Many Greatings: Terminator


----------



## Arjai (Jul 26, 2015)

Terminator_1 said:


> Hello everyone, only 25 days until the start.SETI.Germany invites all Members and Friends from TechPowerUp to the SETI@Home Wow!-Event 2015.
> 
> Register here:
> 
> ...


Good Luck with finding a new WOW signal!! 

As much as I appreciate SETI, I am going to keep crunching for WCG. No disrespect, I am a science geek, too but, I like the work that is currently changing the way we live, via WCG. 

I also have an affinity for this Crunching Team *(The Best Crunching Team in the Universe!)*, and will not test that loyalty.


----------



## Terminator_1 (Aug 8, 2015)

Hello Arjai,thank you for your answer.

SETI.Germany invites Team  TechPowerUp and Friends to the SETI@Home Wow!-Event 2015.It takes place from 15th August, 16.00 UTC, until 29th August 2015, 16.00 UTC.

http://www.seti-germany.de/Wow/anmeldung.php?lang=de&lang=en

Many Greetings: Terminator


----------



## Norton (Aug 8, 2015)

Terminator_1 said:


> Hello Arjai,thank you for your answer.
> 
> SETI.Germany invites Team  TechPowerUp and Friends to the SETI@Home Wow!-Event 2015.It takes place from 15th August, 16.00 UTC, until 29th August 2015, 16.00 UTC.
> 
> ...



We usually don't participate in this one as a Team but we will be seeing you at the *WCG Birthday Challenge* that you folks hold every year.
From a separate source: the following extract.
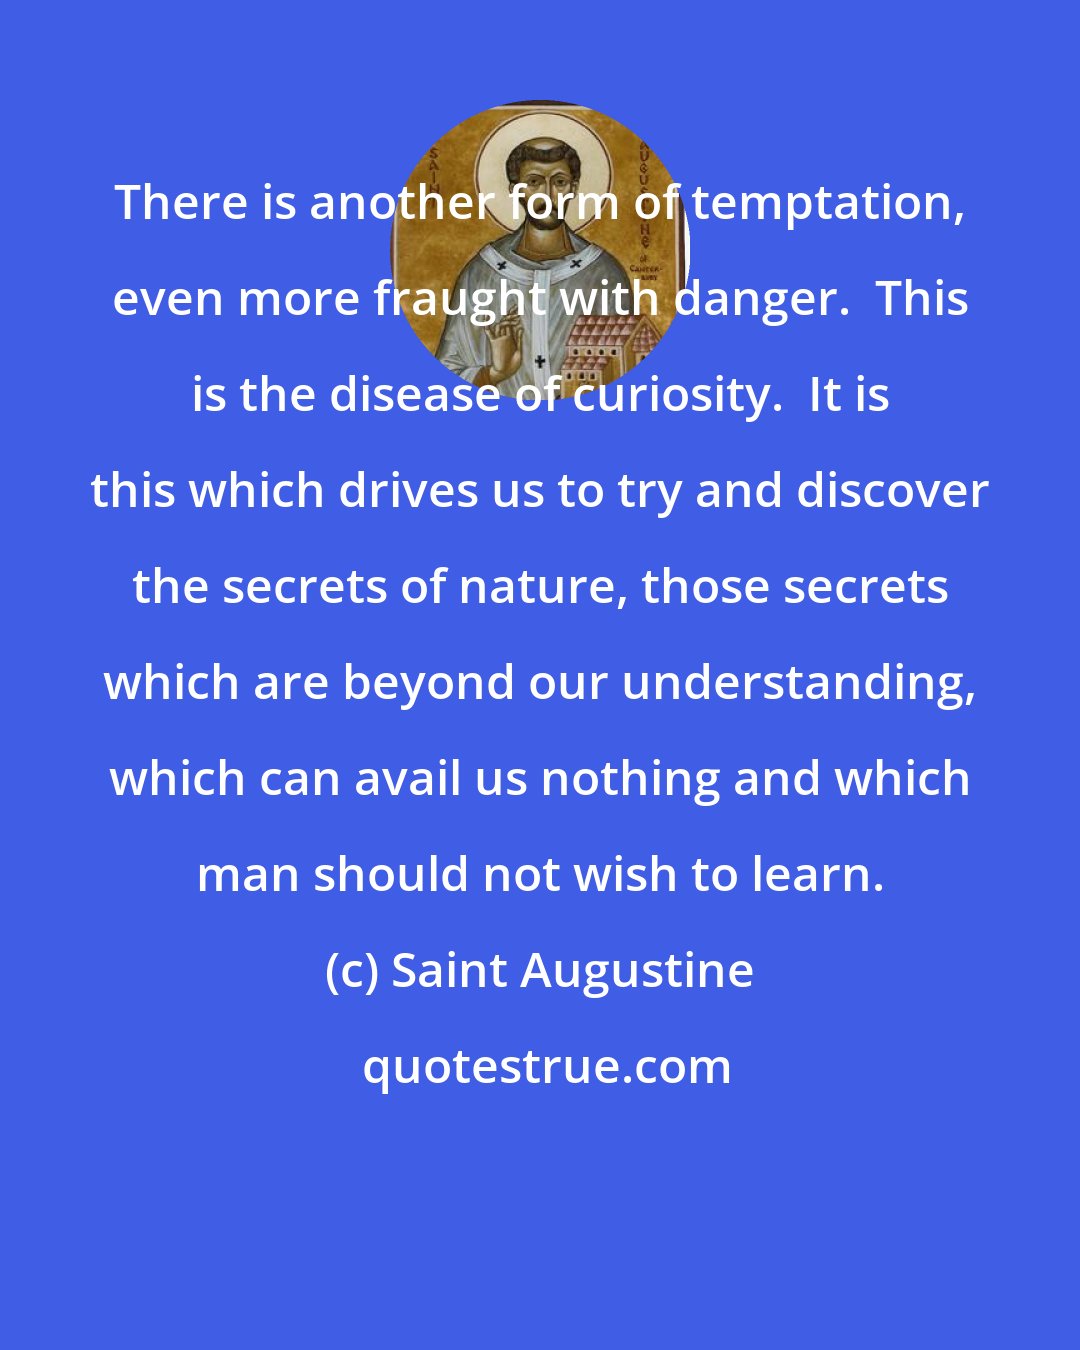 Saint Augustine: There is another form of temptation, even more fraught with danger.  This is the disease of curiosity.  It is this which drives us to try and discover the secrets of nature, those secrets which are beyond our understanding, which can avail us nothing and which man should not wish to learn.

That you can count on!


----------



## Terminator_1 (Aug 14, 2015)

Hello Norton,thank you for your answer.When there gives a WCG Challenge this year,we invites your Team.

When some people from your Team join seperate to the Wow Event 2015,can register here:

http://www.seti-germany.de/Wow/anmeldung.php?lang=de&lang=en

Everyone is welcome.

Many Greetings: Terminator


----------



## xvi (Aug 15, 2015)

I'll join in on a few PCs for giggles. Would be nice to stress some GPUs. Is it worth running CPU-only machines or just GPU rigs?


----------